Моя задача — учить специалистов по всему миру
— Что пациенты или их родители пишут после операций, или когда проходит уже много времени?
— В некоторых случаях я ничего не слышу от родителей. Я бы сказал, что получаю письма от родителей в 15 процентах случаев – уже после того, как мы уезжаем из страны. Но я очень часто получаю благодарности от самих детей – уже когда они вырастают и начинают понимать сложность ситуации, в которой когда-то оказались. Понимают, что никто в их стране не мог им помочь, но прилетел какой-то сумасшедший американец и провел операцию. Не так давно пришло письмо от парня из Хорватии, которого я оперировал, когда ему было 18 месяцев. Сейчас ему 24 года. Мама показала ему фотографии, сделанные в то время, когда я его оперировал. Он написал мне, и его письмо заставило меня плакать.
В общей сложности я прооперировал порядка 10 тысяч детей во всем мире, и каждый год получаю от трех до десяти благодарностей от своих уже выросших пациентов. А где-то раз в году мне приходят письма о том, что кто-то из ребят стал родителем, и они называют меня дедушкой. Так что я счастливый дедушка.
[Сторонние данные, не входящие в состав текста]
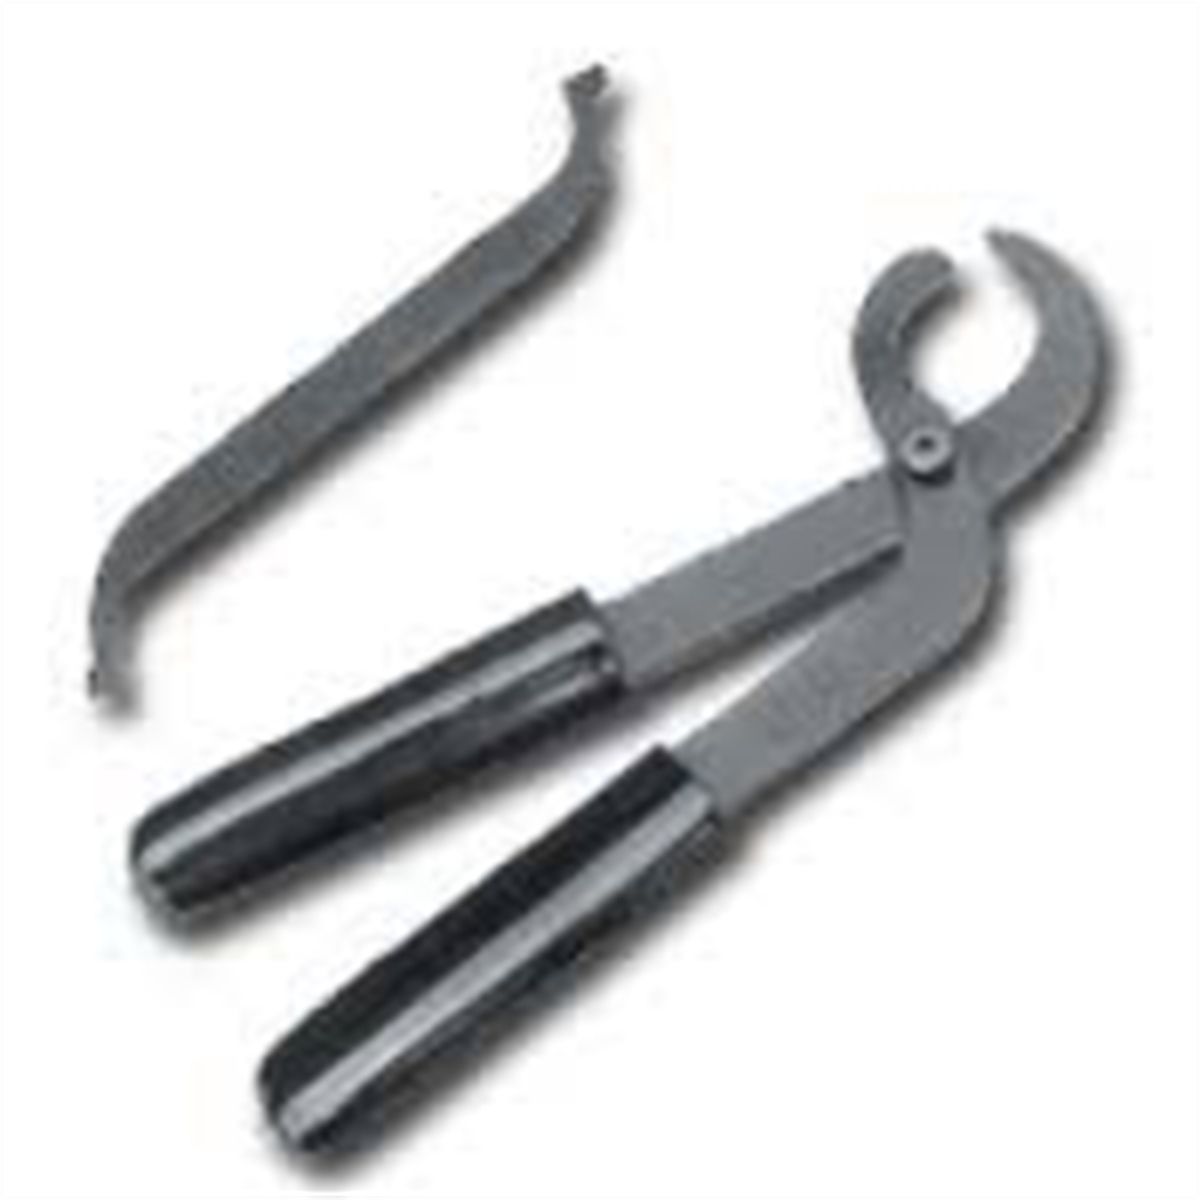 CAMSHAFT Seal Installer Tool KIT for Mazda, Nissan, Toyota,Lexus JTC 4774
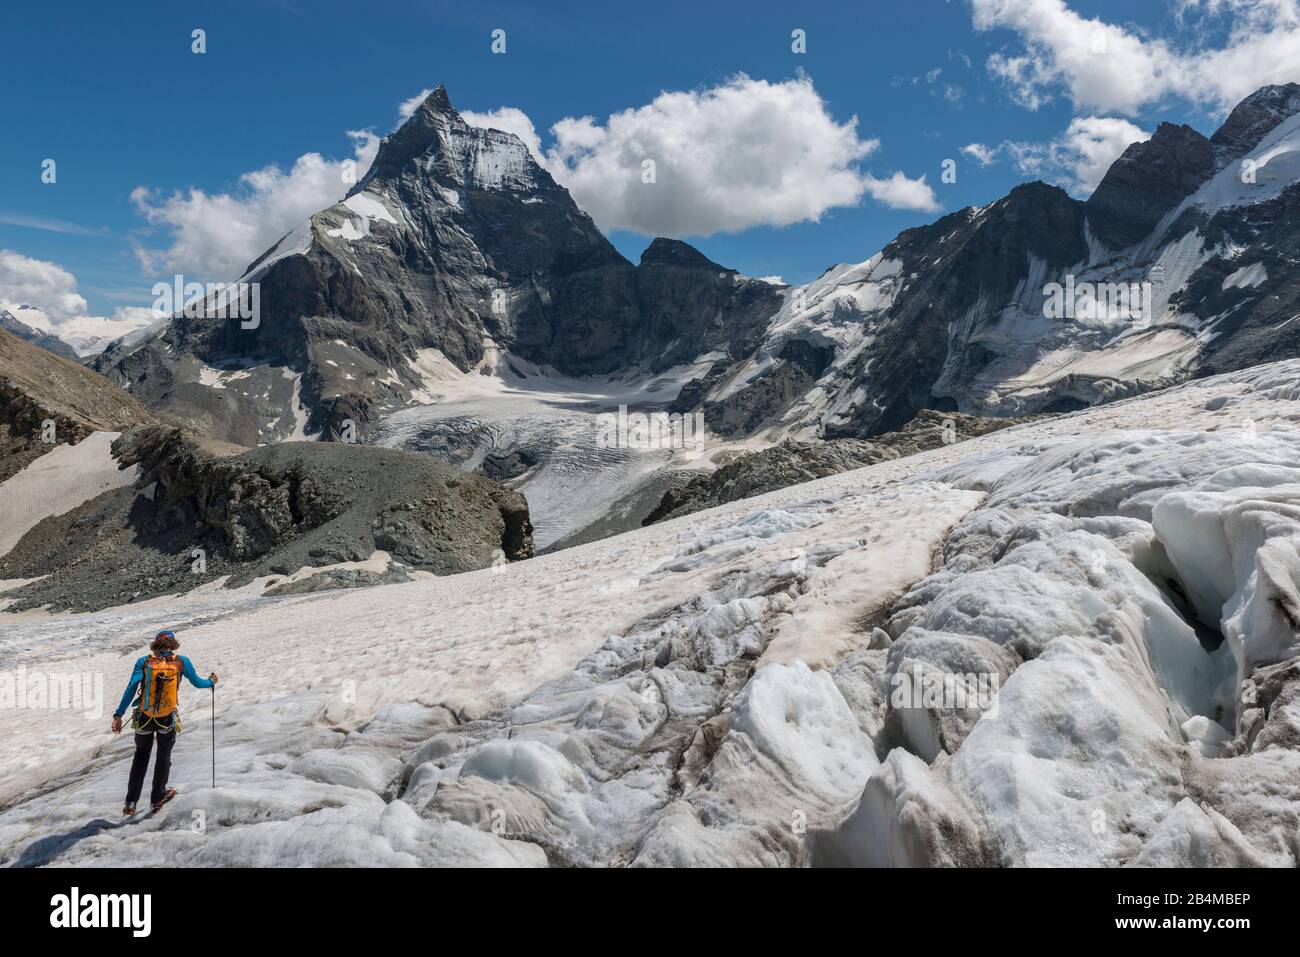 Schweiz, Wallis, Haute Route Chamonix Zermatt, Bergsteiger bei der Überquerung des Stockjigletscher mit Matterhorn - Zmuttgrat, Westwand und Liongrat Stock Photo
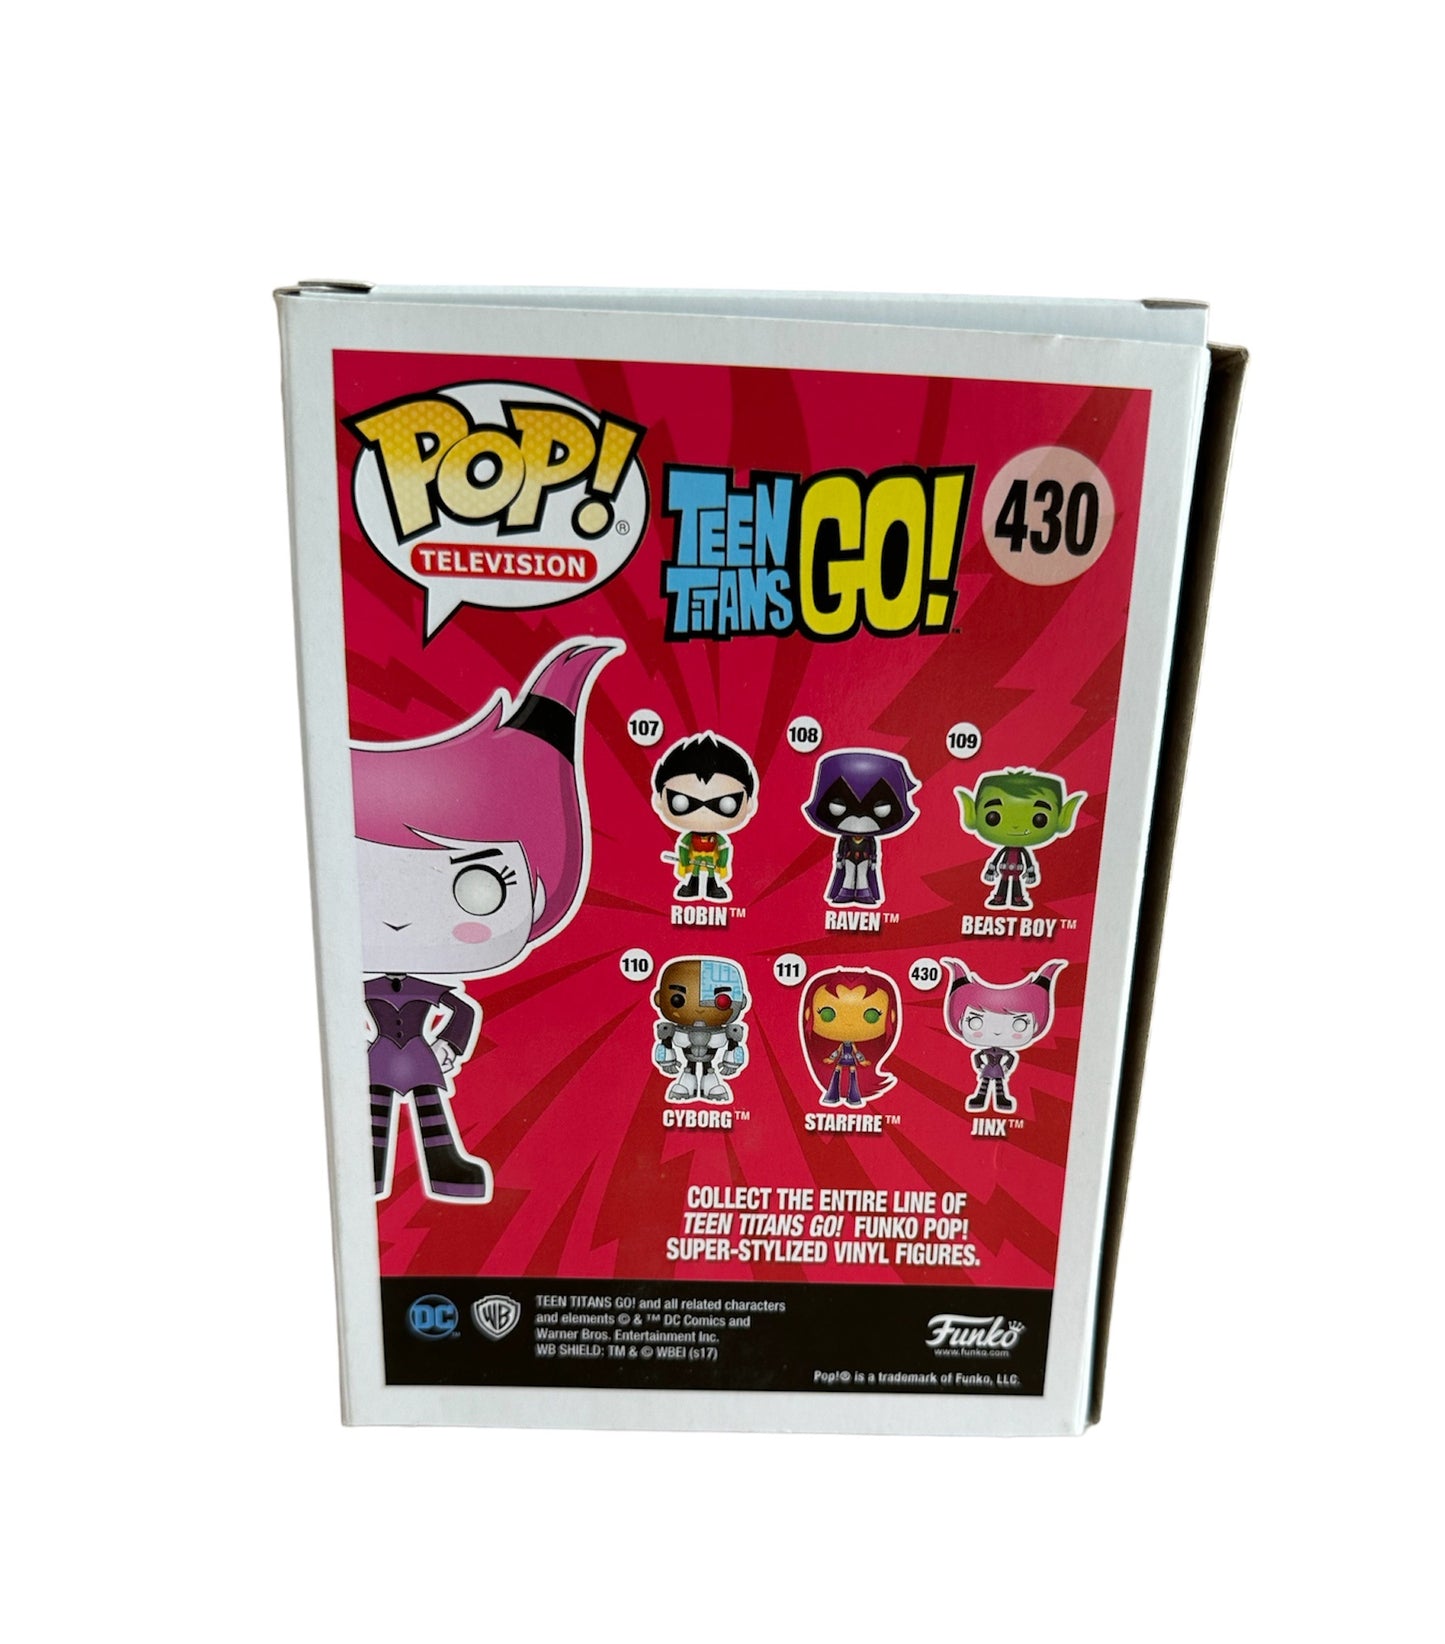 Vintage 2017 DC Comics Teen Titans Go! Pop Television Vinyl Figure - Jinx No. 430 - Brand New Shop Stock Room Find

Иногда мне приходят письма по-русски из России, Украины, Казахстана, Киргизии, Белоруссии. Перевожу в Google, но это ужасно. К сожалению, я не говорю по-русски – даже несмотря на свои русские корни и на то, что я провожу в России достаточно много времени. Однажды руководитель Исследовательского центра сердечно-сосудистой хирургии доктор Лео Бокерия сказал мне: «Доктор Новик, Вы столько делаете для детей из России и сотрудничаете с нашими врачами. Но почему Вы не говорите по-русски?» Я ответил, что у меня нет хорошего повода, а он сказал, что учиться никогда не поздно.
— Вы могли бы совершенно спокойно работать в США, а вместо этого выбрали мотания по всему миру, да еще в самые неблагополучные страны. Взять хотя бы Ирак или Ливию… Зачем вам это нужно?
— Я сделал этот выбор много лет назад. Тогда я понял, что смогу больше помочь детям с заболеваниями сердца, если буду учить специалистов по всему миру, как им заботиться о таких пациентах в их стране. Конечно, оперировать у себя в США, в моем родном Мемфисе – это прекрасно для детей, которые находятся там. Но таким образом не поможешь детям в других уголках земного шара. В США есть достаточно специалистов надлежащего уровня. Моя задача –учить специалистов по всему миру, чтобы они могли оперировать. Это позволит в общей сложности провести больше операций в год, чем мог бы сделать я один. Если я обучу хирургов в 60-70 странах, и они будут делать по 400-500 операций в год – Боже, насколько это будет лучше для детей, чем если бы я провел 200-300 операций в США.